In these final days of Session, we play a General Assembly version of mumbly-peg – or maybe it’s a game of egg toss – as bills fly between House and Senate trying to beat the certain legislative death of sine die. One such bill is a k-12 school nutrition bill sponsored by Sen. Katrina Shealy (R – Lexington).

Sen. Shealy’s bill updates our state code to reflect current Federal school lunch requirements. Some argued that the bill was unnecessary since public schools that participate in the federal school lunch program must follow the federal law anyway.  Understanding that the Healthy, Hunger-Free Kids Act of 2010 drastically changed federal law by giving the USDA greater authority to determine the nutritional value of food served at school, we felt it prudent that the bill should be heard.

The bill came up for a hearing in the k-12 subcommittee that I chair a couple of weeks ago. Rep. John King (D – York) and Rep. Jerry Govan (D – Orangeburg) offered an amendment that addressed “differentiated” lunches that are served to students who participate in the reduced-fee lunch program but forget their lunch money.  Their amendment was simple. All students, regardless of whether they participate in the free lunch program or the reduced-fee lunch program, will receive the same nutritious lunch. Their amendment eliminates the “cheese sandwich” lunch that some reduced-fee lunch participants are given.

After considering their amendment and thinking back to my own experience in school of never knowing what students qualified for free or reduced-price lunch, I realized that the school districts were shaming the students for the irresponsible behavior of their parents. The school districts had turned a cheese sandwich into a type of scarlet letter, but were making the wrong person suffer the humility for it.  After some debate between members, the nutrition bill and amendment passed favorably out of the subcommittee. The bill was to be heard at our next full Education Committee meeting.

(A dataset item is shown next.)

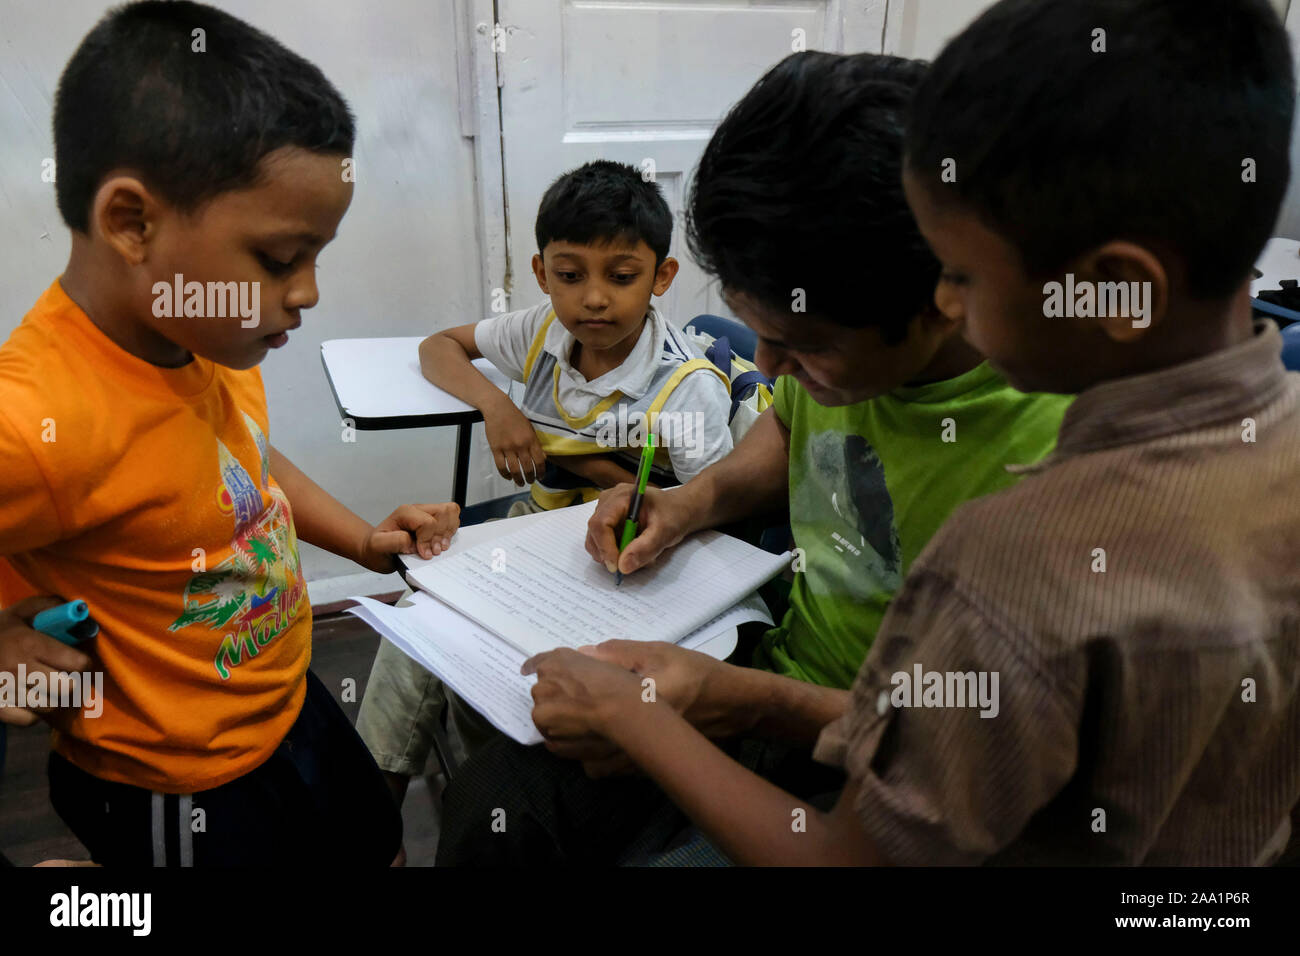 Einige Kinder, die älteren Schüler in der Klasse an der Akademie. Rohingya English Academy ist ein Learning Center, die freie Bildung auf die Rohingya-flüchtlinge sowohl für Kinder als auch für Erwachsene bietet, wurde es von Saif Ullah ein rohingya Bürger leben in Malaysia und auch ein englischer Tutor an der Akademie Wer erhält keine Unterstützung von der Regierung gegründet. Malaysia hat mehr als 177,690 registrierte Flüchtlinge und Asylsuchenden Rohingya Nach UNHCR-Statistik und 45,470 davon sind Kinder unter 18 Jahren. Stockfoto

In the intervening time, several school districts complained about the potential cost of serving a higher-grade lunch rather than the cheese sandwich option. They claimed that this bill would be just another unfunded mandate from the state that they can’t afford. This amendment was not about unfunded mandates. The issue before us is about parental responsibility and equal access to a nutritious lunch.

Another fact to consider are the current reimbursement rates from the federal government to each school district for the meals served in the school lunch program. There are several rates available but the range for the year ending June 30, 2016 are as follows:

  • Lunch fully paid by student: Feds reimburse $.29 to $.43 per lunch
  • Reduced-fee lunch to student: Feds reimburse $2.67 to 2.90 per lunch
  • Free lunch to student: Feds reimburse $3.07 to $3.30 per lunch

The actual cost difference to the student between the reduced-fee lunch and the free lunch is $.40. Let me repeat that. Students participating in the reduced-fee lunch program only pay forty cents for lunch.

To confirm these amounts, I looked at the Greenville County School District website for their published school lunch cost. They charge $2.20 for the fully paid lunch and $.40 for the reduced-fee lunch. The difference between the $2.20 charged for a fully paid lunch and the federal reimbursement of $3.07 for a free lunch brings a host of questions to mind, but that will be for a later discussion.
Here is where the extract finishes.